Abu Hamza al-Masri, the Islamic cleric accused of aiding an al-Qaeda affiliate’s deadly attack in Yemen and trying to start a terrorist training camp in Oregon, said he plans to testify in his own defense at a trial almost a decade after the U.S. sought his extradition.
Abu Hamza, 55, who once preached at the Finsbury Park Mosque in North London, was first charged in a 2004 indictment. After his arrest by the Metropolitan Police in London that May, Abu Hamza, described by prosecutors as “a terrorist with global reach,” fought extradition before being brought to the U.S. in 2012.
Blind in one eye and missing both of his hands, Abu Hamza has been a zealous advocate for himself in both letters to the judge as well as in comments he’s made in court during pretrial hearings.
“I think I am innocent,” Abu Hamza told a judge during a pretrial hearing last week, saying he wanted a trial to “have a chance to defend myself.” In a Feb. 21 letter to the court, he said he planned to testify during his trial, which began today in federal court in Manhattan.
“It is also important for historians, researchers, investigative journalists and analysts who are awaiting anxiously the matter of your court,” he wrote the judge.
The government is seeking to use as evidence some of Abu Hamza’s sermons delivered at the mosque, which had been attended by convicted shoe-bomber Richard Reid and Zacarias Moussaoui, the so-called 20th hijacker who pleaded guilty to being part of the Sept. 11, 2001, terrorist plot.
U.S. District Judge Katherine Forrest, who is presiding over the case, hasn’t ruled on whether the jury will hear the speeches.
Forrest today selected a jury of eight men and four women to hear the case, telling the panel to return April 17 for lawyers’ opening statements.
She also ruled today that Saajid Badat, a U.K. man who pleaded guilty to attempting to detonate a shoe-bomb on a commercial aircraft in 2001, can testify for the government by closed-circuit television. Two other federal judges in New York have allowed Badat to testify in that way in other cases.
Abu Hamza, born in Egypt as Mustafa Kamel Mustafa, was granted British citizenship in 1986. He was convicted in the U.K. in 2006 of inciting followers to murder Jews and other non-Muslims in sermons from 1997 to 2000. He was sentenced to seven years in prison.
One set of charges alleged by the U.S. relates to the deaths of four of the 16 hostages, including two Americans, taken in a terrorist attack on a tourist caravan in Yemen in December 1998. According to the indictment, Abu Hamza provided a satellite phone to the leader of a faction of the Islamic Army of Aden and other co-conspirators.
Abu Hamza spoke to the co-conspirators after the attack, agreed to act as an intermediary for them, and ordered additional airtime worth 500 British pounds ($837) for the satellite phone used by the terrorists, prosecutors have said.
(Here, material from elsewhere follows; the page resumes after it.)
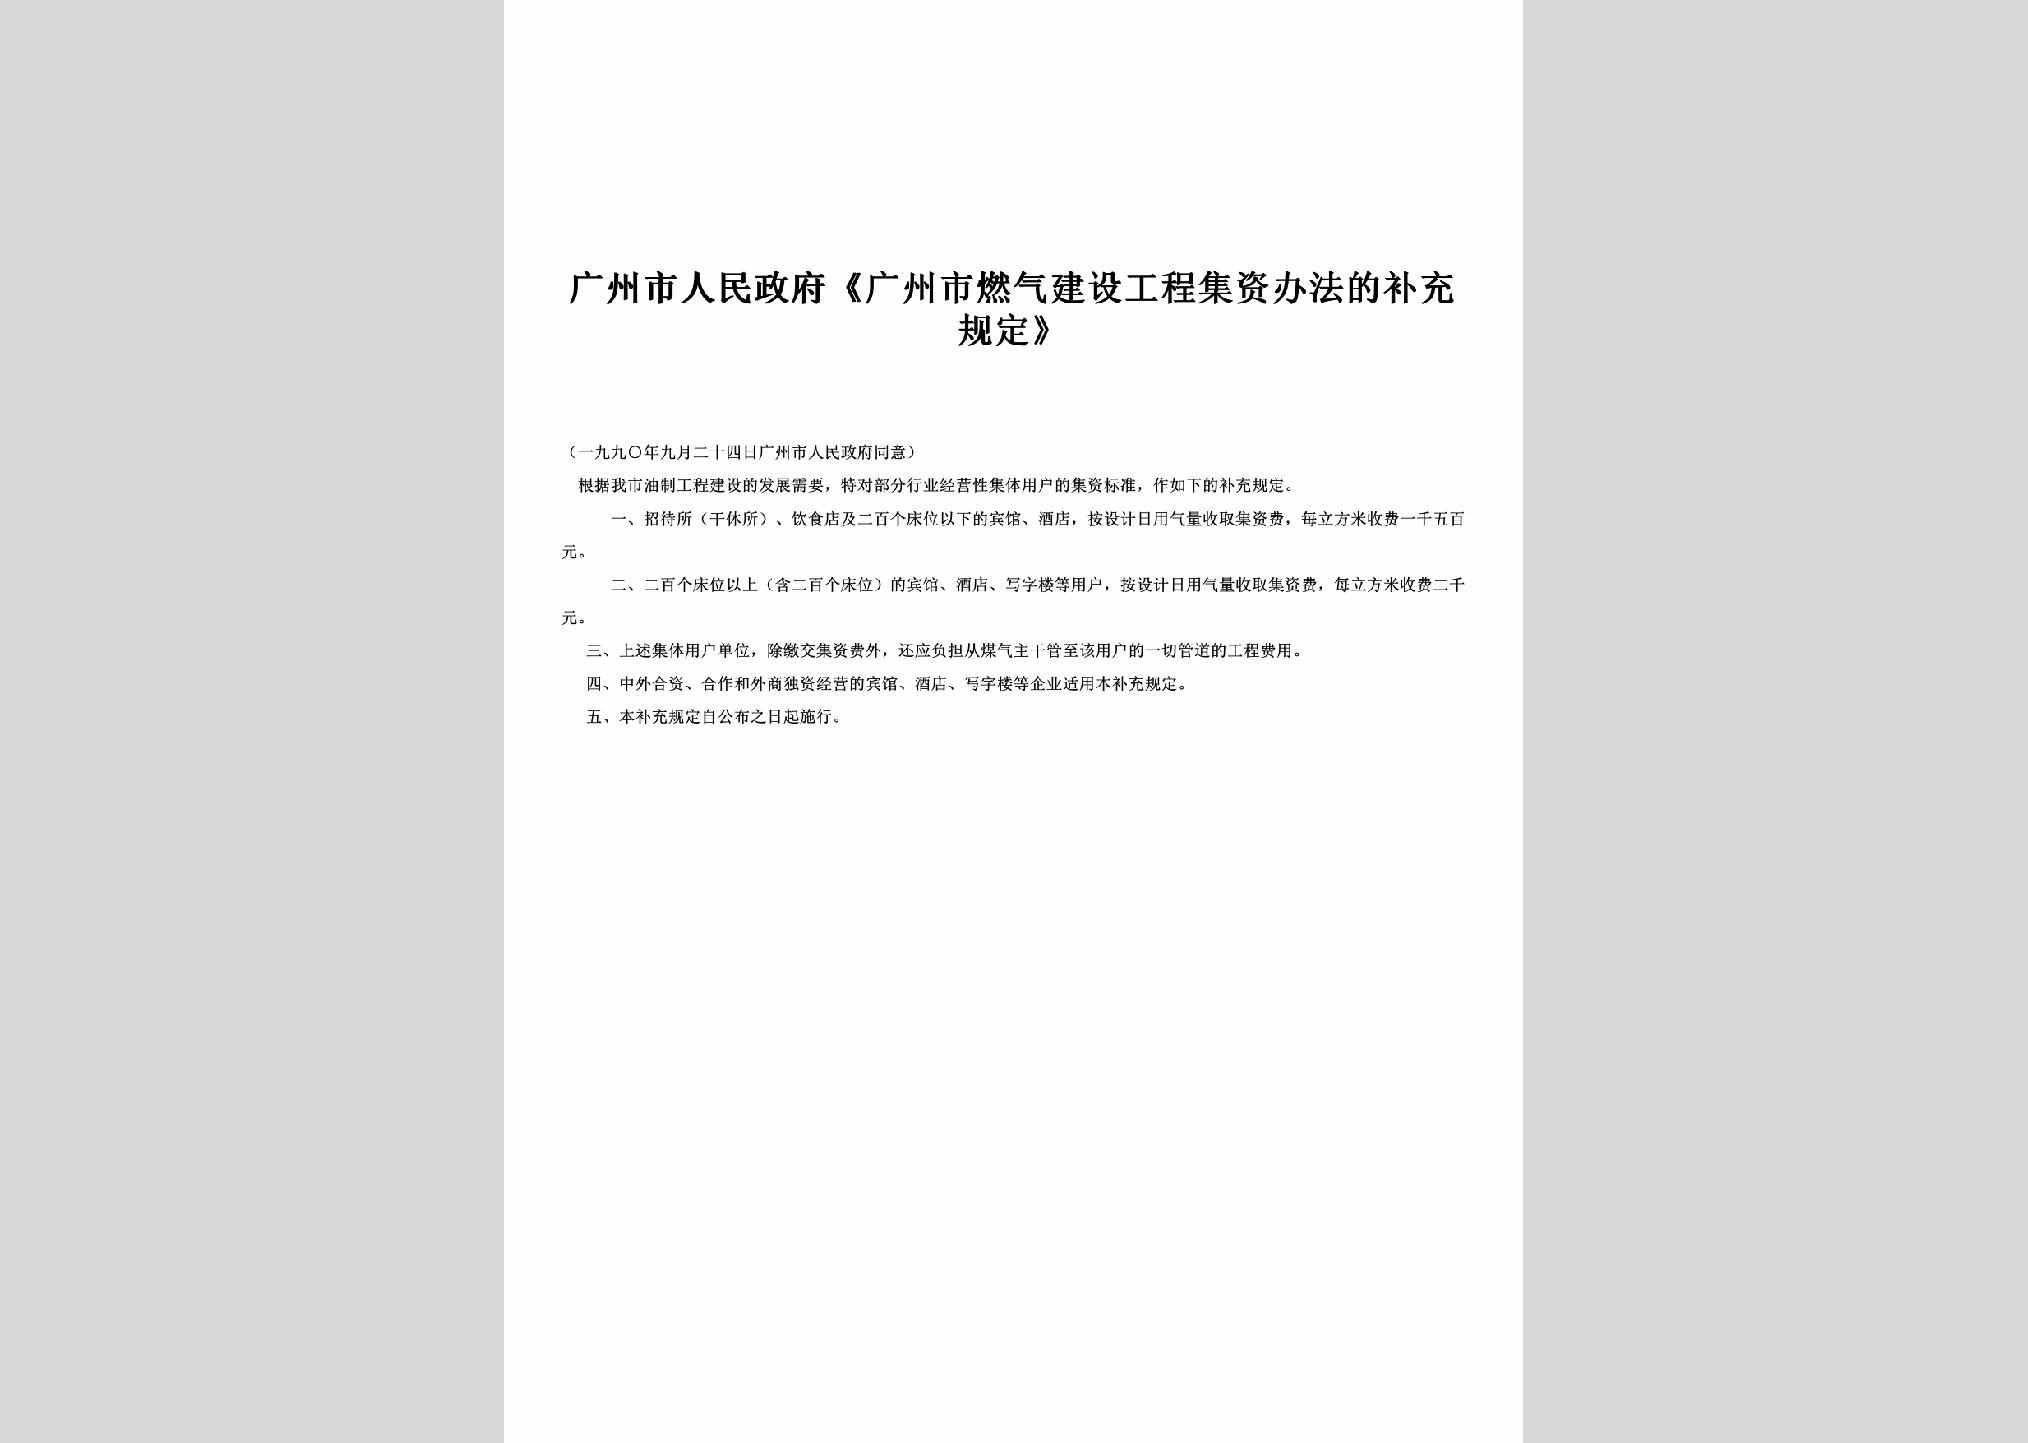 GD-RQJSBCGD-1990：《广州市燃气建设工程集资办法的补充规定》

Abu Hamza also attempted in 1999 and 2000 to start a terrorist training camp for al-Qaeda in Bly, Oregon, prosecutors in the office of Manhattan U.S. Attorney Preet Bharara alleged.
One co-defendant in the plot, Oussama Kassir, was convicted after a federal trial in Manhattan in 2009 and sentenced to life in prison. A second man is in the U.K. fighting extradition.
Abu Hamza is charged with 11 counts, including conspiracy to take hostages, hostage-taking, providing material support to al-Qaeda and conspiracy to aid the Taliban. He has pleaded not guilty. The maximum penalty for hostage-taking is life in prison.
The cases are U.S. v. Mustafa, 04-cr-00356, and U.S. v. al-Fawwaz, 98-cr-01023, U.S. District Court, Southern District of New York (Manhattan).